US 12,361,924 B2
Systems and methods for audio transcription switching based on real-time identification of languages in an audio stream
Sushant Hiray, Redwood City, CA (US); Prashant Kukde, Milpitas, CA (US); and Shashi Kant Gupta, Hazaribagh (IN)
Assigned to RingCentral, Inc., Belmont, CA (US)
Filed by RingCentral, Inc., Belmont, CA (US)
Filed on Dec. 28, 2022, as Appl. No. 18/147,130.
Prior Publication US 2024/0221721 A1, Jul. 4, 2024
Int. Cl. G10L 15/22 (2006.01); G10L 13/08 (2013.01); G10L 15/00 (2013.01); G10L 15/16 (2006.01)

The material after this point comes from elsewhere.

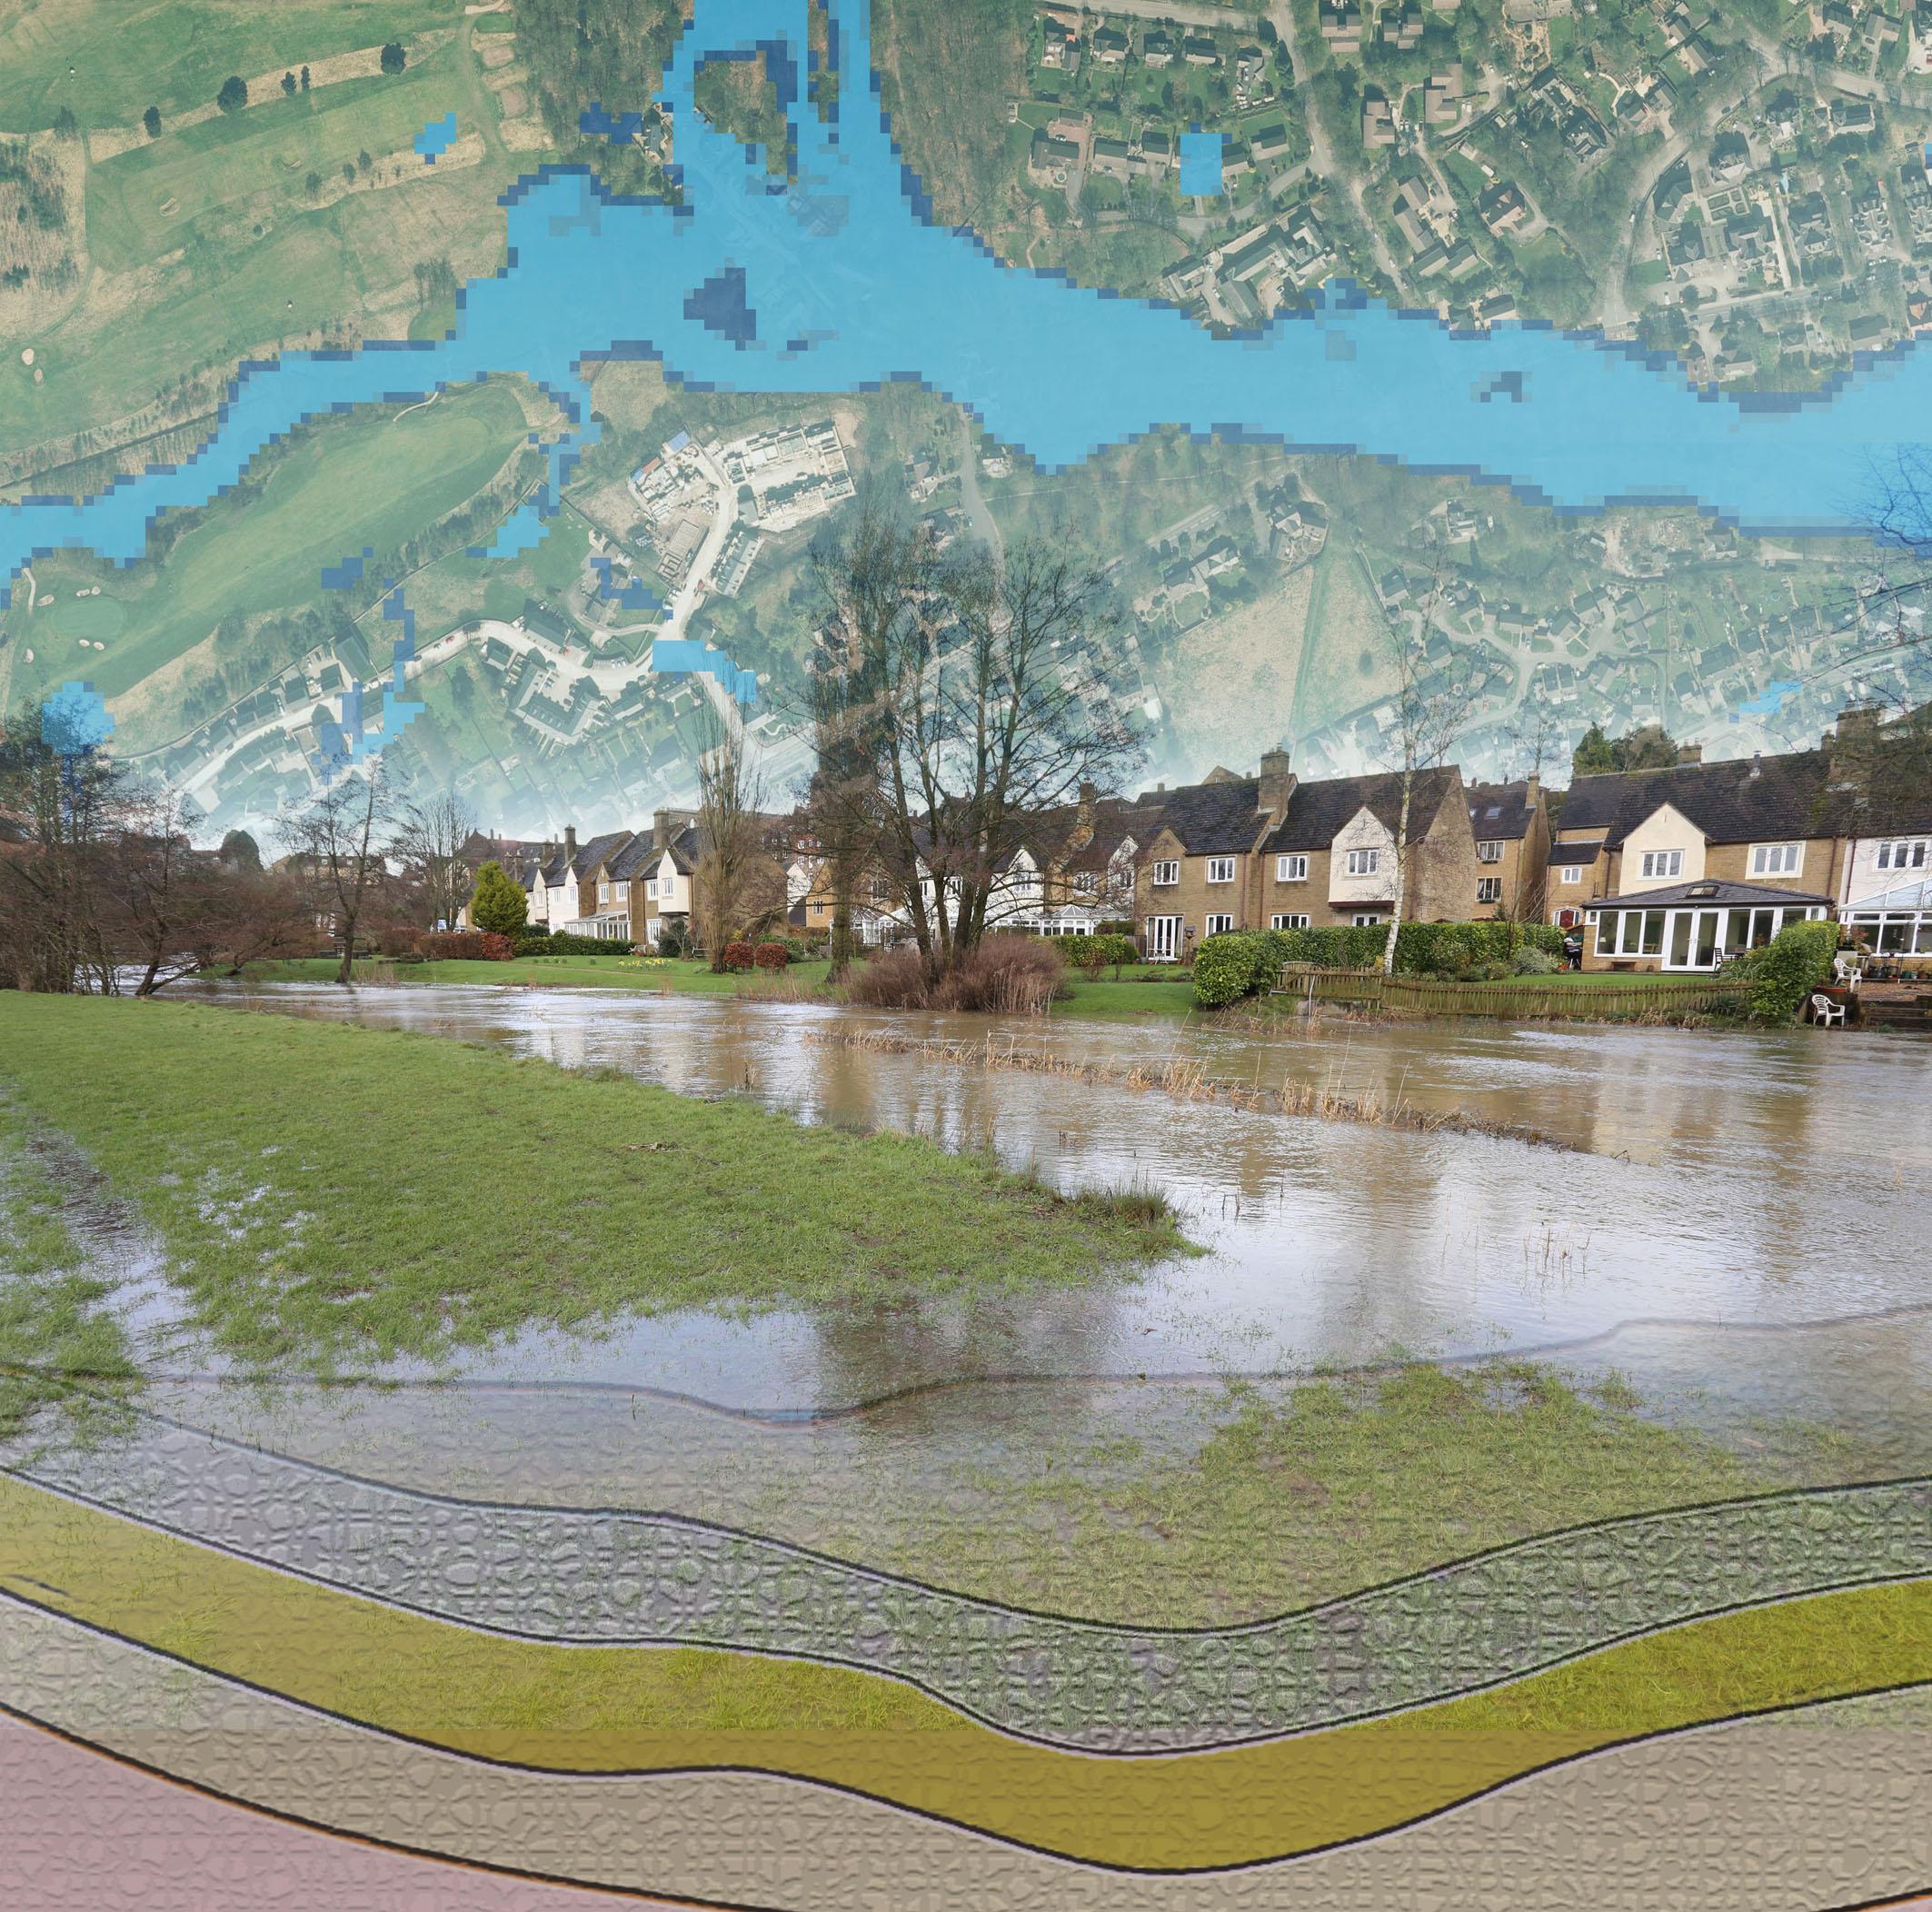 Bluesky Announces New Online Flood Risk Map of the UK on world flood map, china flood map, flood risk map, peru flood map, myanmar flood map, uk floods latest, va flood map, norway flood map, mn flood map, cs flood map, al flood map, usa flood map, nc flood map, sc flood map, ky flood map, dc flood map, flood warning map, tx flood map, california flood map, cuba flood map,

CPC G10L 13/086 (2013.01) [G10L 15/005 (2013.01); G10L 15/16 (2013.01)] 19 Claims
OG exemplary drawing
 
1. A computer-implemented method for machine-generated transcription of different languages that are spoken in audio streams, the computer-implemented method comprising:
receiving an audio stream involving one or more speakers speaking multiple languages;
identifying a first user that speaks during a first snippet of the audio stream;
selecting a user model comprising different languages spoken by the first user;
filtering a plurality of vectors from a trained neural network to a subset of the plurality of vectors based on the different languages from the user model, wherein each vector of the plurality of vectors is used to detect a different language and the subset of vectors correspond to vectors of the trained neural network that are used to detect the different languages spoken by the first user;
determining, using the subset of vectors of the trained neural network, that a first language is spoken in the first snippet of the audio stream based on a first vector of the subset of vectors outputting a first probability value that satisfies a threshold probability for a first set of features of the first snippet and the first probability value being greater than probability values output by other vectors of the subset of vectors for the first set of features;
transcribing the first snippet from the first language to a target language in response to determining that the first language is spoken in the first snippet;
detecting, using the trained neural network, a transition from the first language to a new language based on the first vector outputting a probability value that does not satisfy the threshold probability for a second set of features from a second snippet of the audio stream;
transcribing the second snippet from the new language to the target language in response to detecting the transition;
determining, using the trained neural network, that a second language is spoken in a third snippet of the audio stream based on a second vector of the trained neural network outputting a second probability value that satisfies the threshold probability for a third set of features of the third snippet; and
transcribing the third snippet from the second language to the target language in response to determining that the second language is spoken in the third snippet.